[Stored data entries]
=== Section Start ===

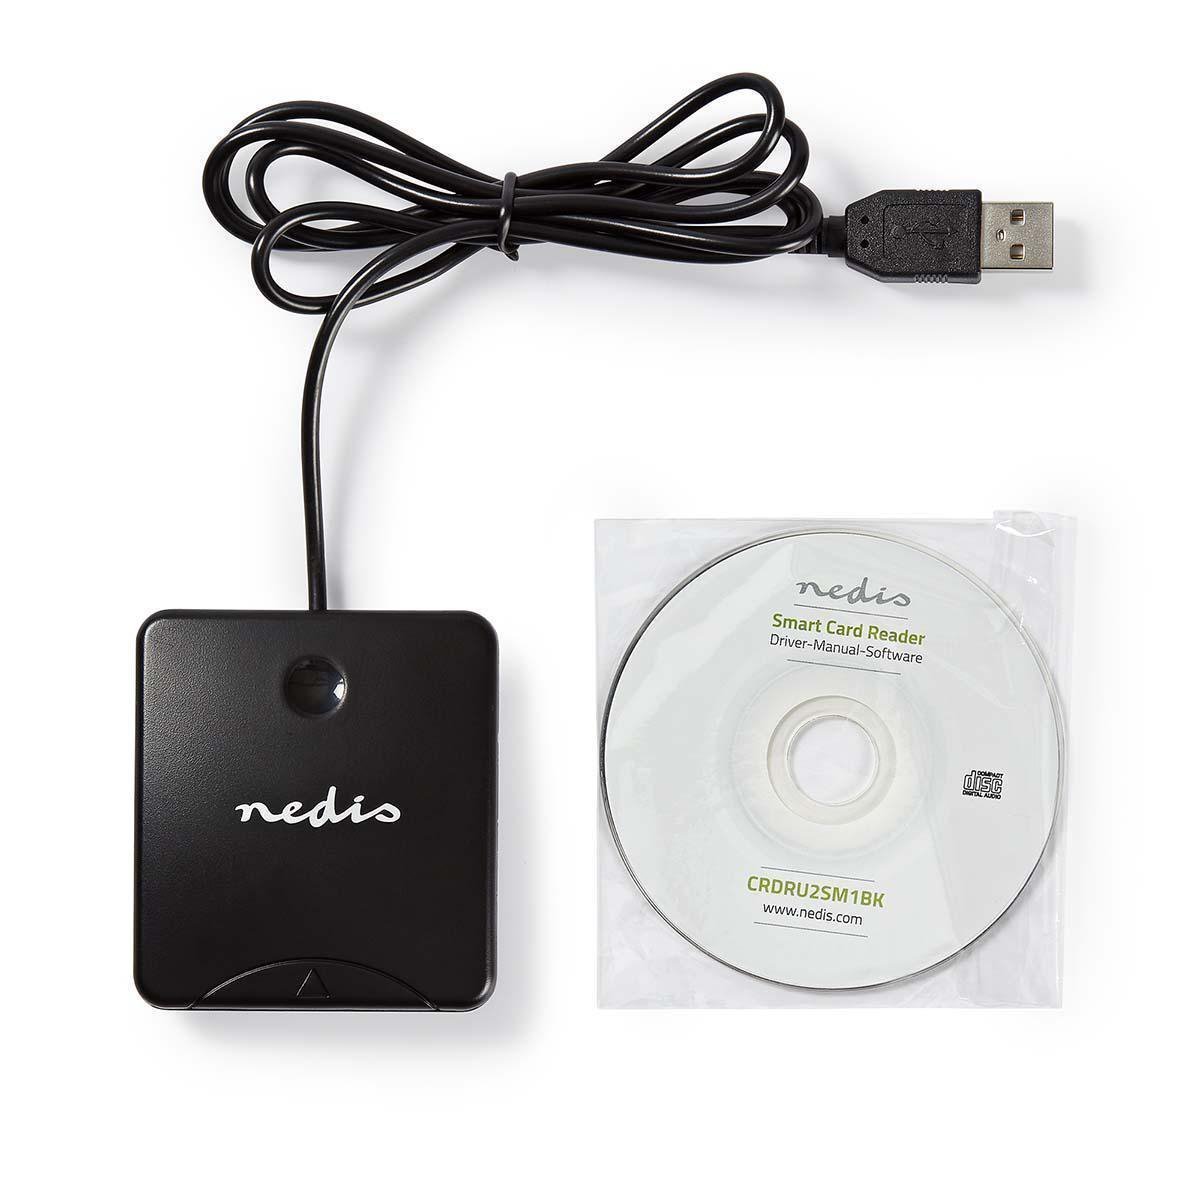 Card Reader Smart Card Software Included USB 2.0 | Videotronics E-Store
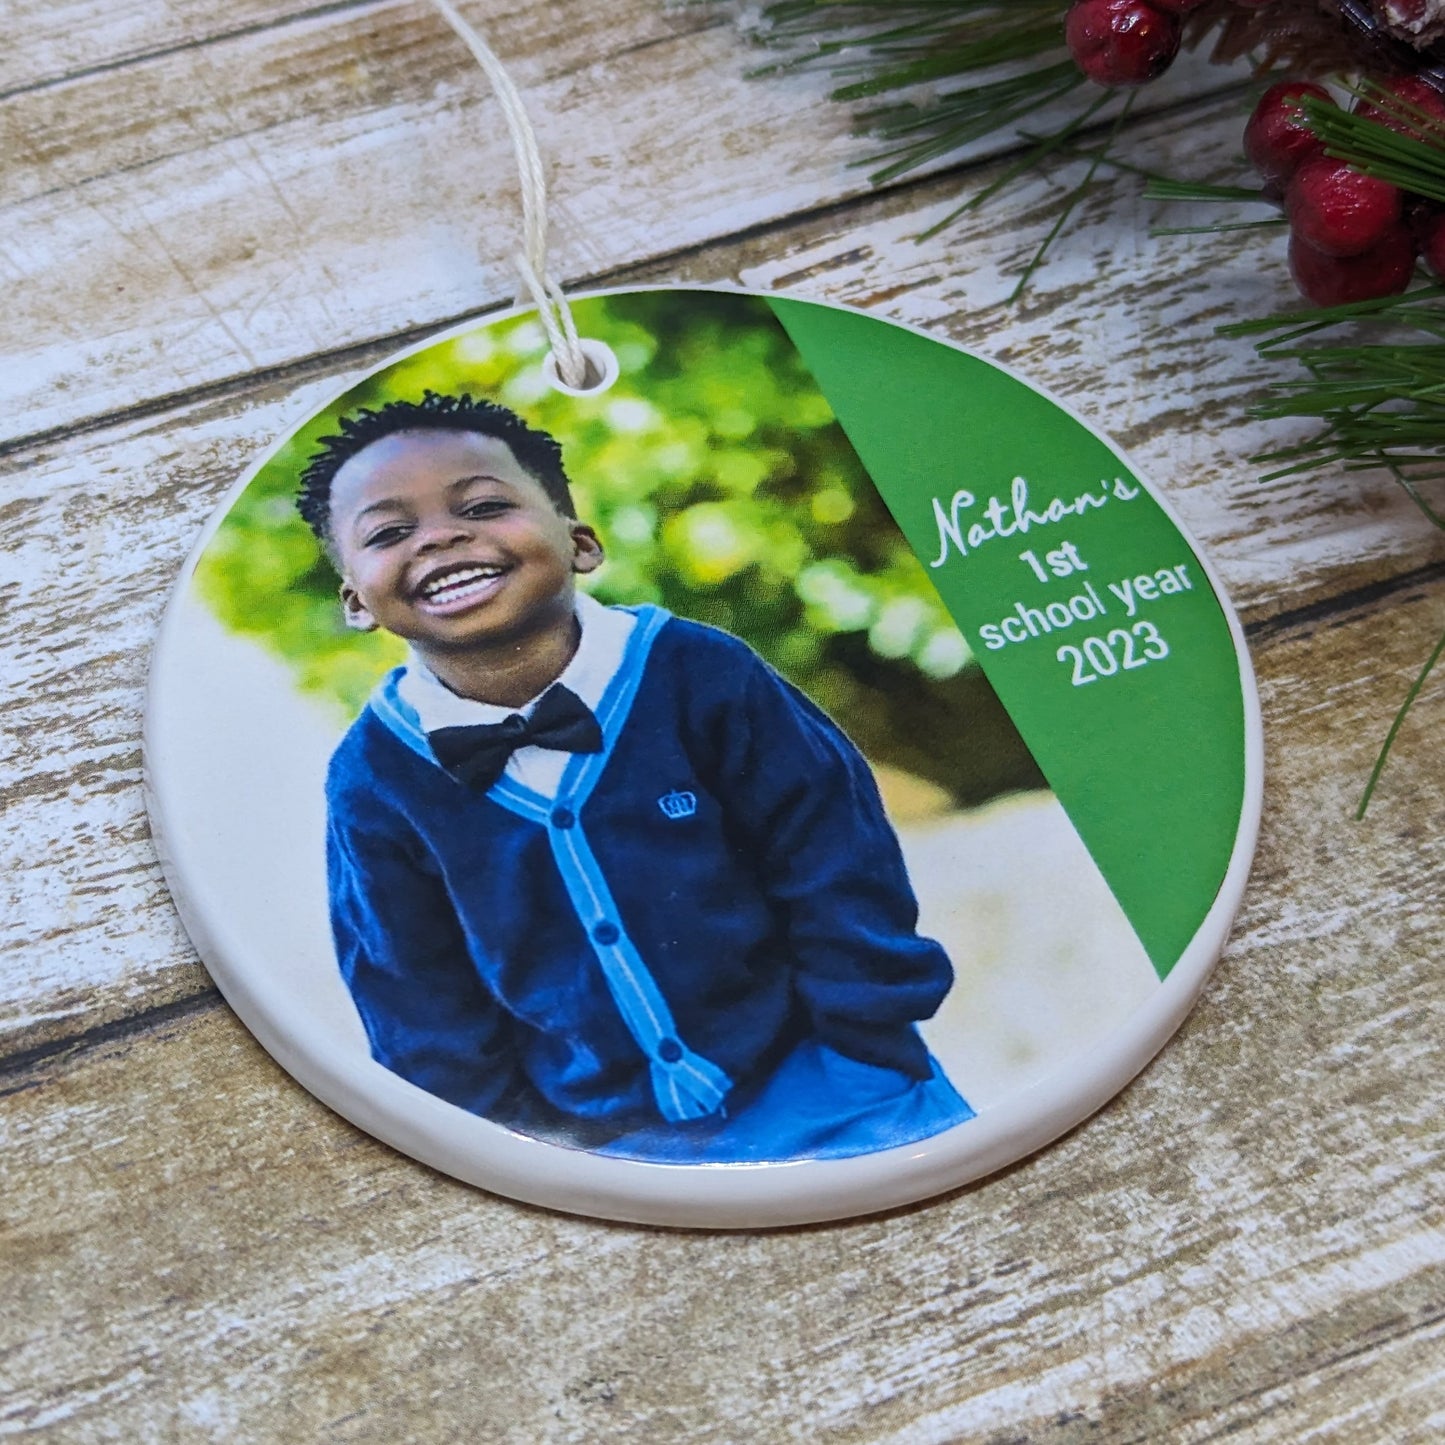 Ornament First School Year, Ceramic Ornament, Personalized Child Ornament - your photo and Child's name 1st School Year Ornament
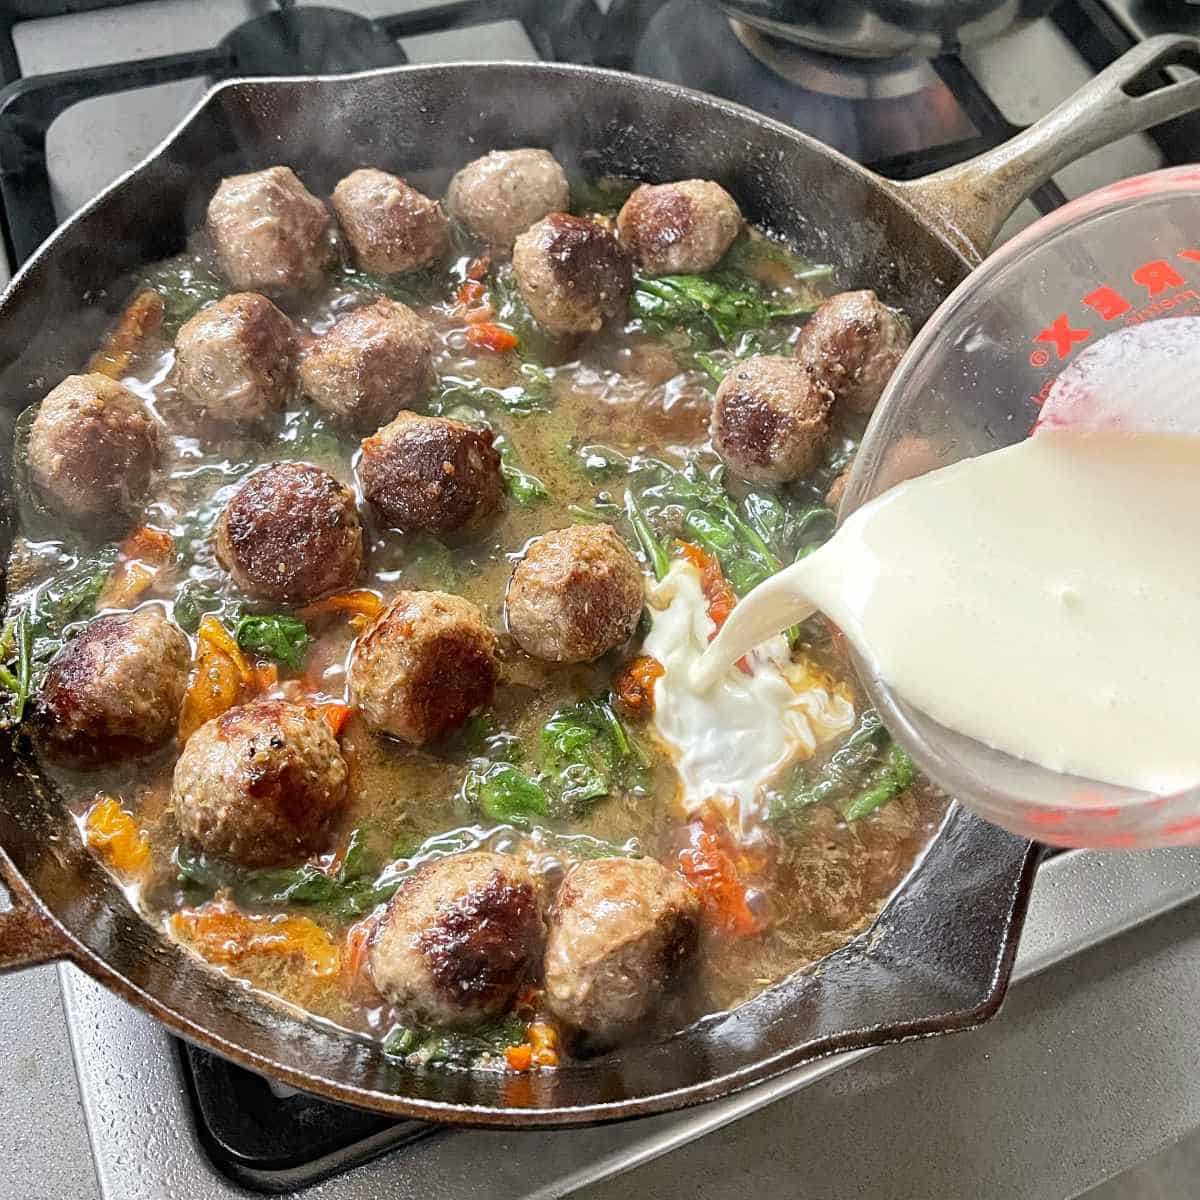 Tuscan meatballs simmering over a medium heat with cream being added from a small glass jug
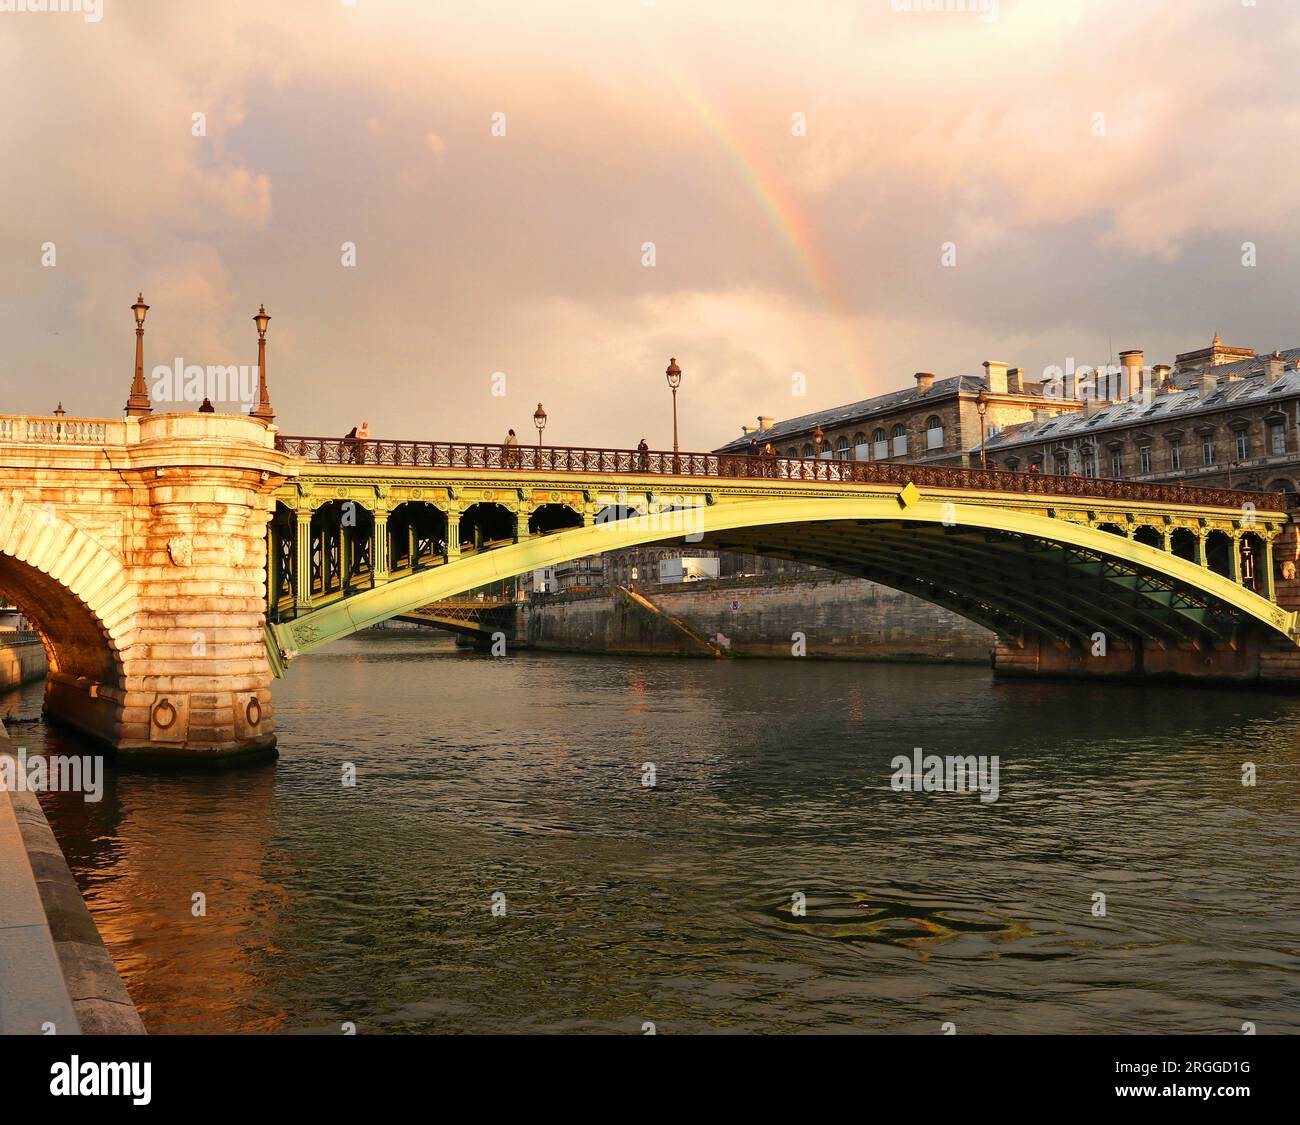 The green metal of the Pont Notre Dame, bridging the River Seine in Paris, glows in early evening golden light after heavy rain below a faint rainbow Stock Photo
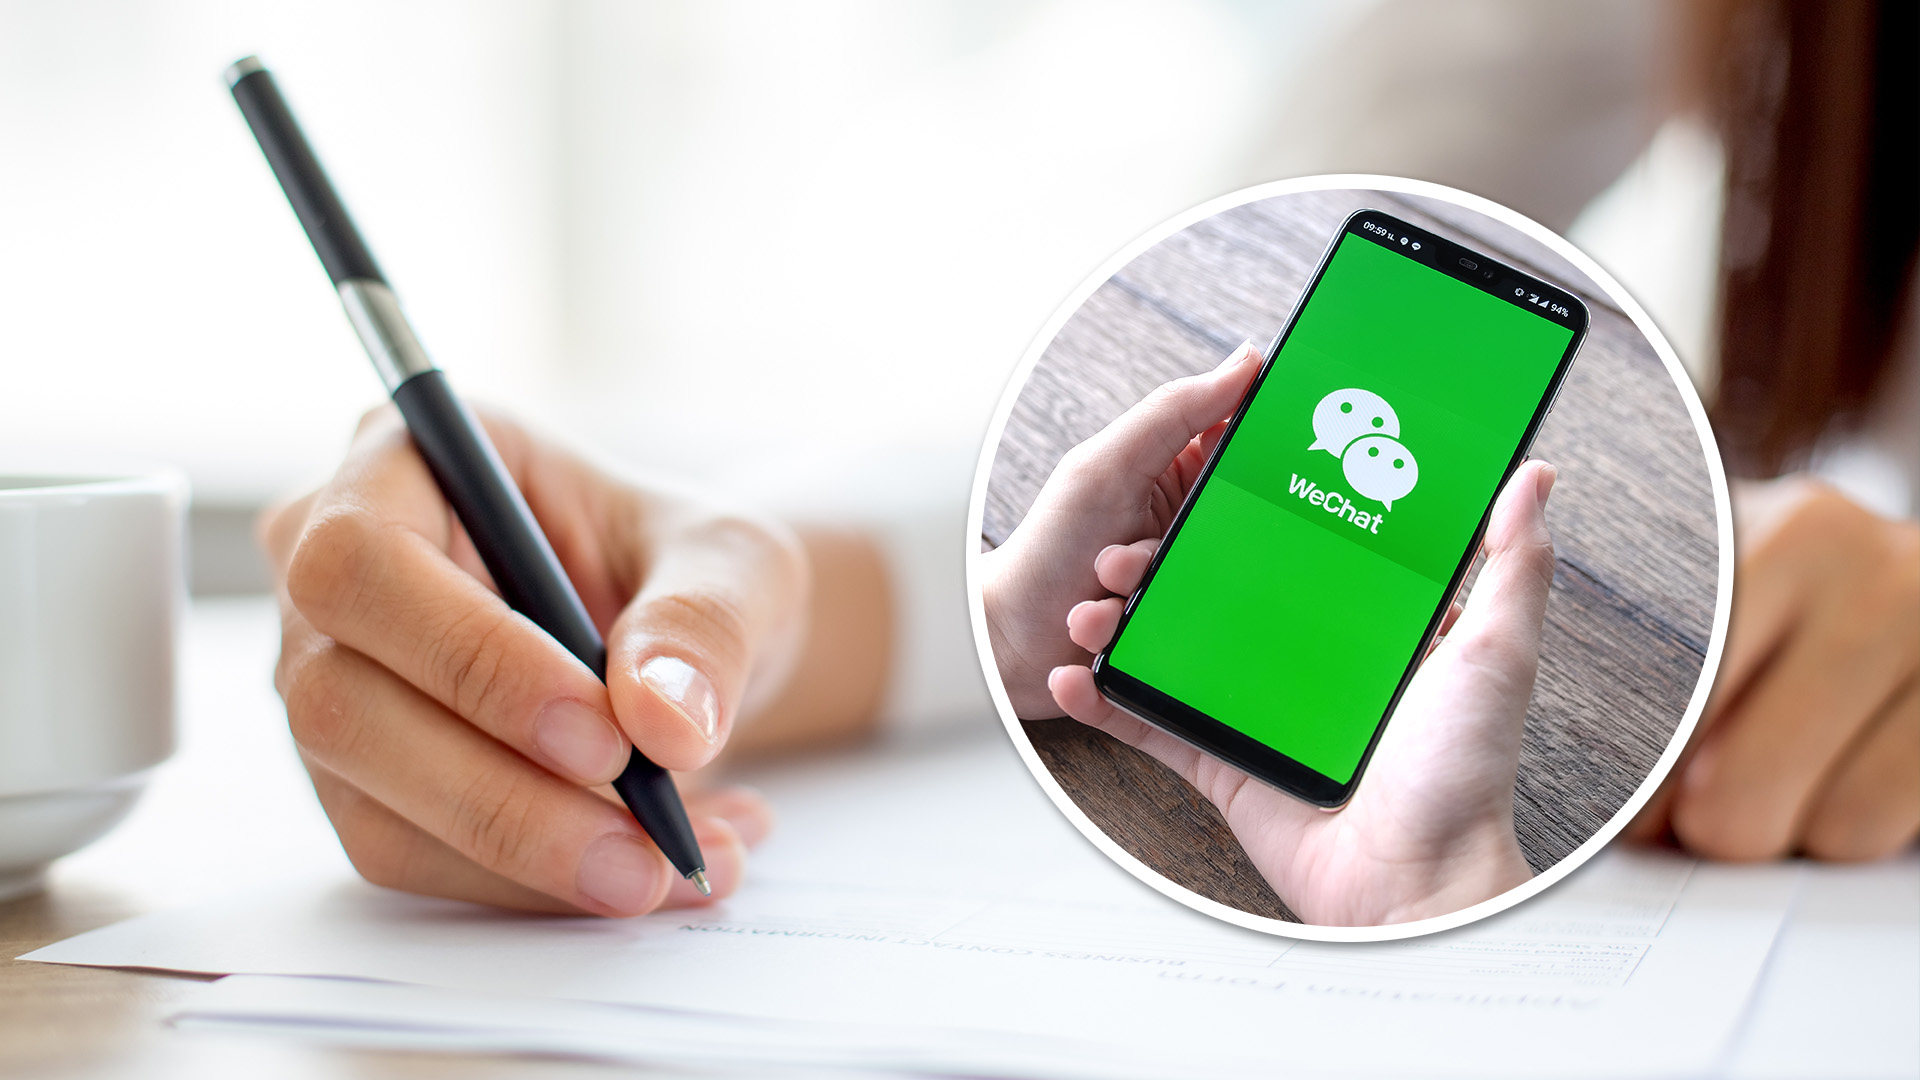 A now deceased woman in China has had her last will and testament, which she posted on the WeChat social media app, declared invalid by a mainland court. Photo: SCMP composite/Shutterstock

=== Section End ===

TASK PROMPT ▸ Once the line with "Tuscan meatballs simmering" is found above, print it and every line after it through the line with "The green metal", exactly. Pictures stay out.

RESPONSE FOR THIS EXERCISE ▸
 Tuscan meatballs simmering over a medium heat with cream being added from a small glass jug
 The green metal of the Pont Notre Dame, bridging the River Seine in Paris, glows in early evening golden light after heavy rain below a faint rainbow Stock Photo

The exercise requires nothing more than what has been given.